San Pedro was incorporated as a city in 1888, and Mary Star of the Sea parish was formed one year later in 1889. The original church, built in the 1890s, was a small wooden structure on West Ninth Street. In 1905, a larger church was built on Vinegar Hill (NW corner 9th St and Centre St). An elementary school opened in 1914, under the direction of the Sisters of the Immaculate Heart of Mary.

Father Maximus Benso, a native of Italy, purchased the land in 1919 that eventually accommodated the church and school. Father Benso died in 1981 at age 96, having served the church for more than 70 years.

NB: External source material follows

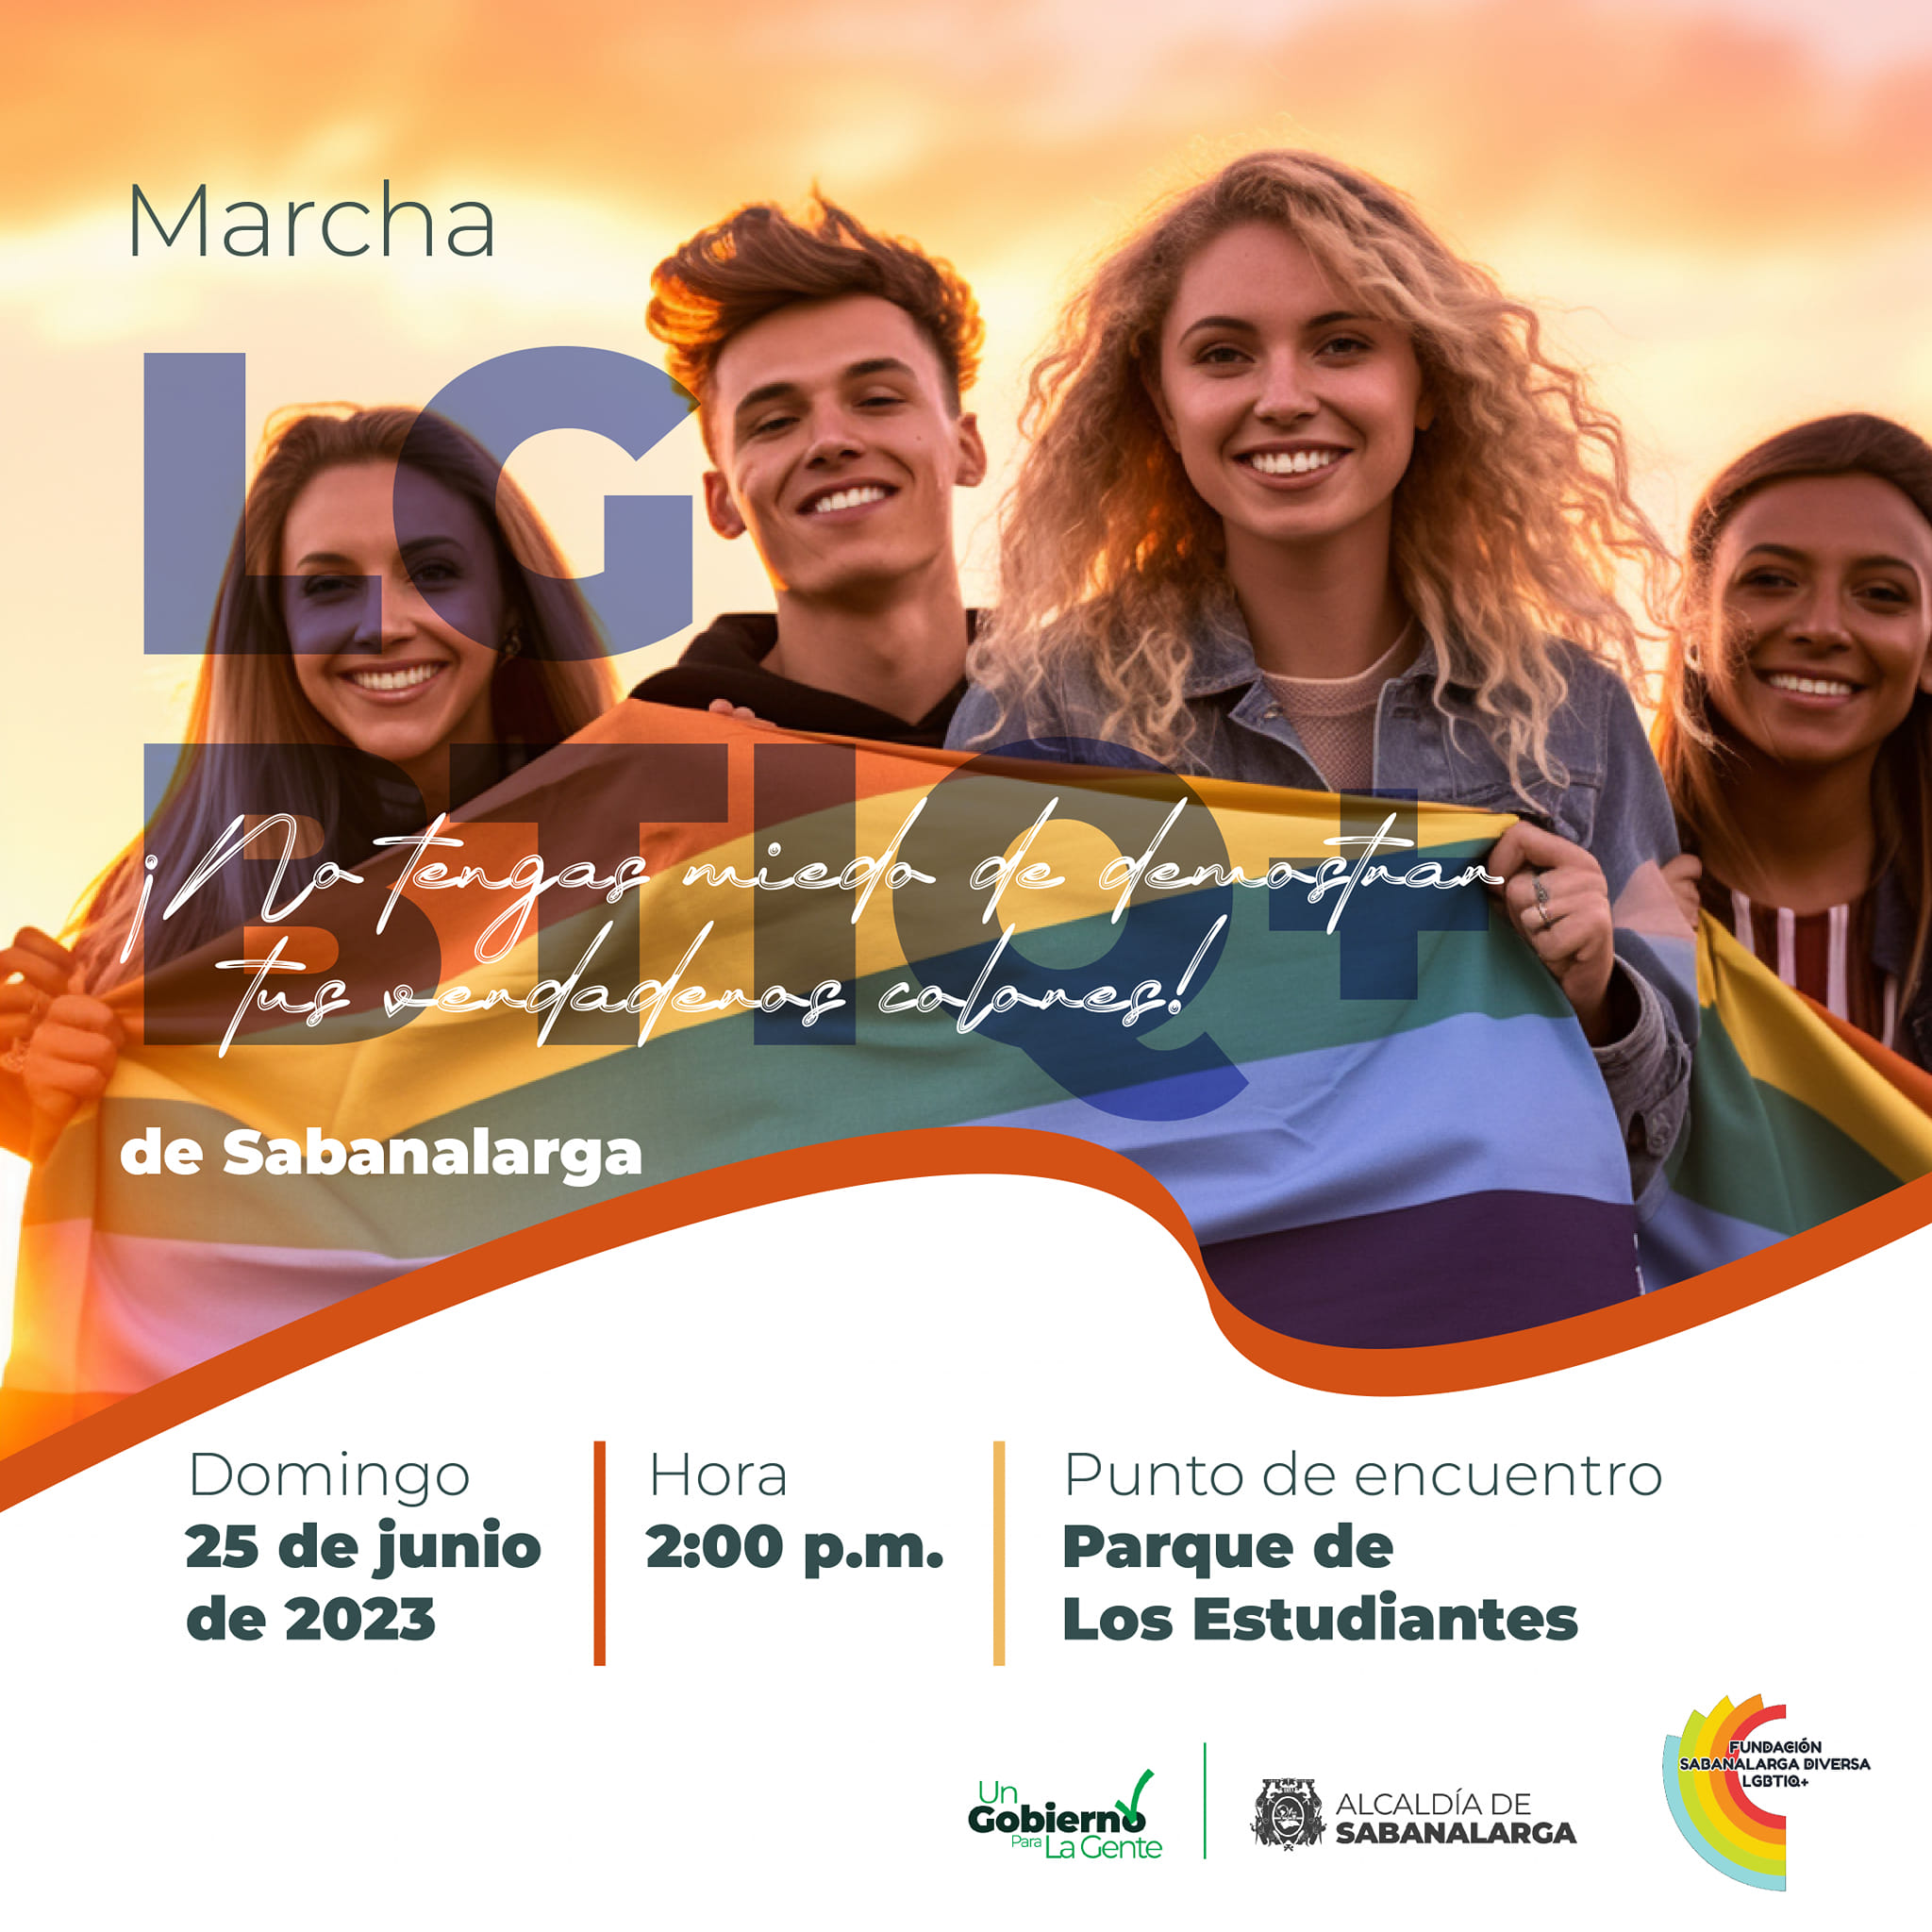 Marcha LGBTIQ+ de Sabanalarga 2023
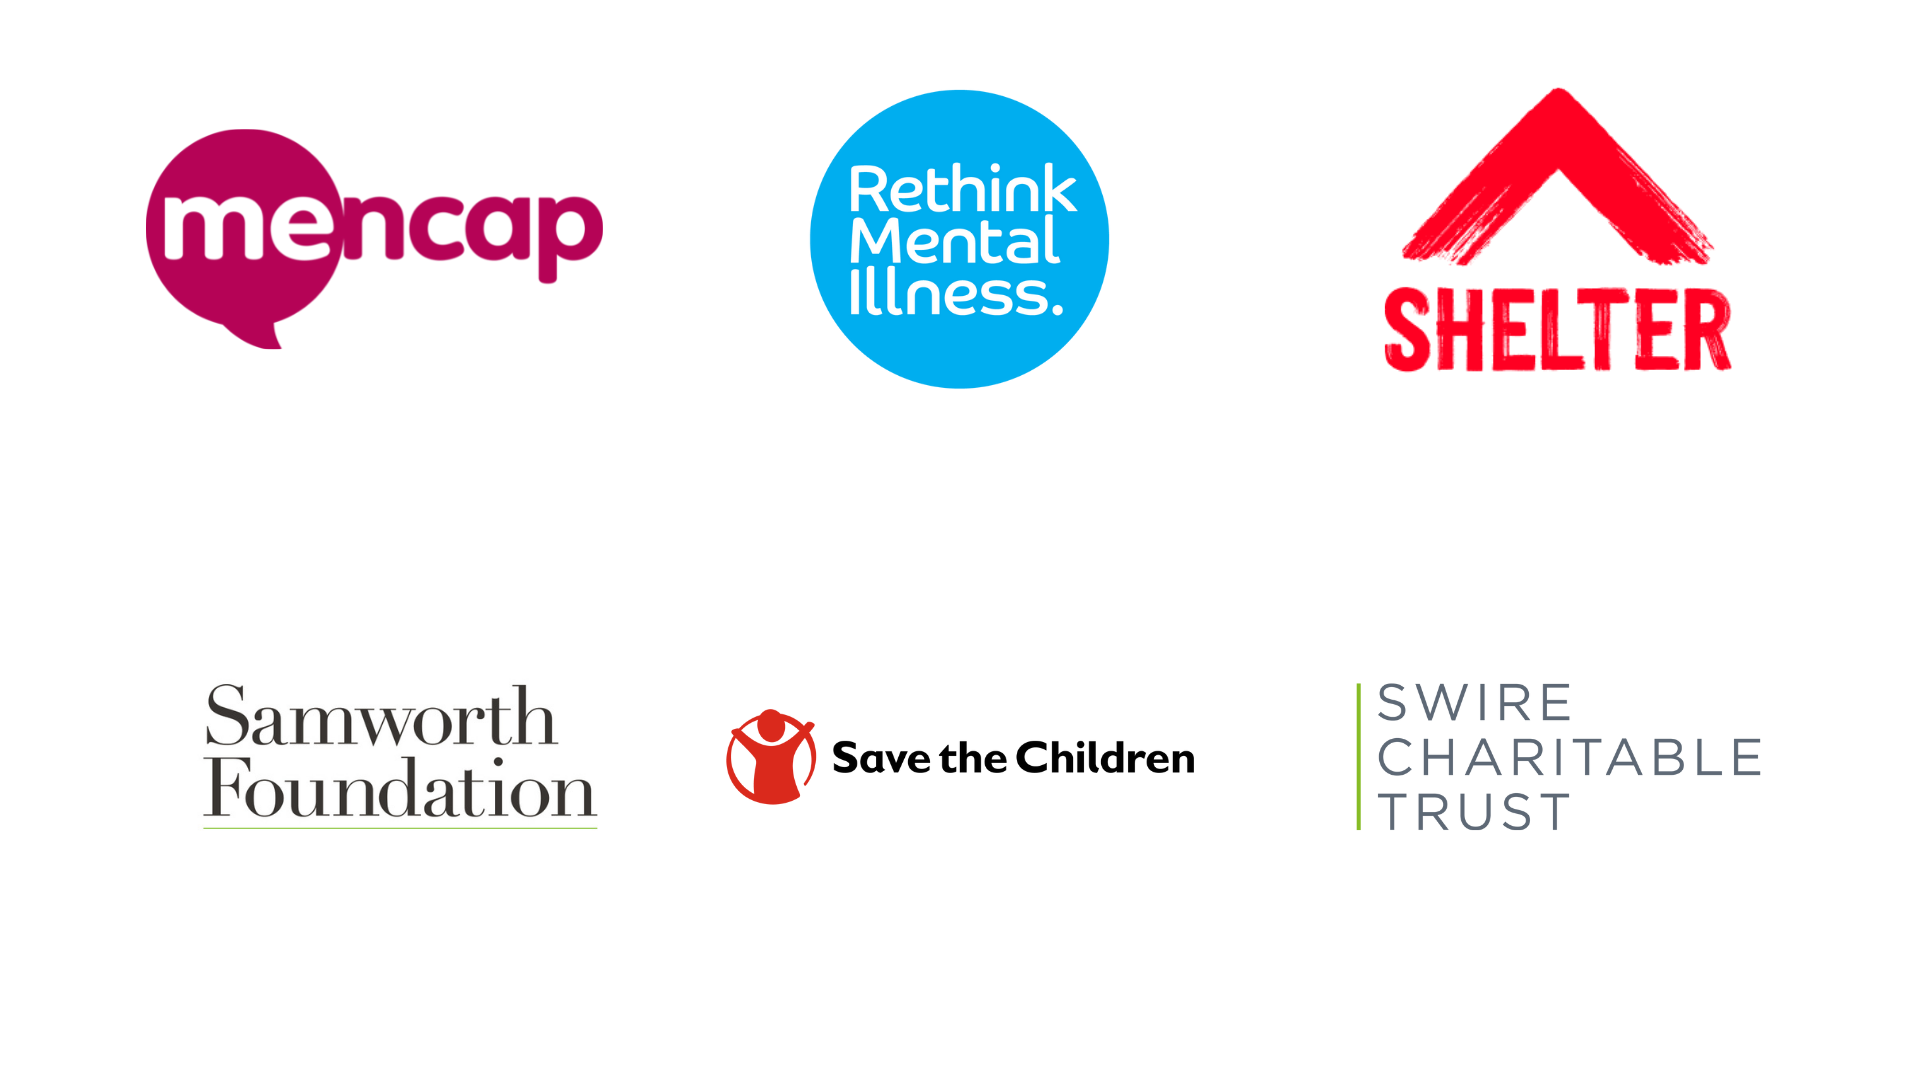 Image shows the logos of Mencap, Rethink Mental Illness, Shelter, Samworth Foundation, Save the Children, Swire Charitable Trust

Father James McLaughlin, the parish's eighth pastor and a native of Ireland, established the "Apostleship of the Sea," a Catholic organization for the merchant marine.

For nearly 30 years from 1946 to 1975, Msgr. George M. Scott was the pastor. When Msgr. Scott arrived, the parish community included 10,000 Croatians and 5,000 Italians, mostly fishermen, cannery workers, and their families. Msgr. Scott oversaw the construction of the current church in 1958, as well as a new convent, an elementary school and high school. In September, 1951, Mary Star of the Sea High School opened with classes initially being held in the elementary school. Msgr. Scott also served as the national president of the Apostleship of the Sea.

When Msgr. Scott retired in 1975, Msgr. Thomas Kiefer became the pastor and also served as Port Chaplain until 1984.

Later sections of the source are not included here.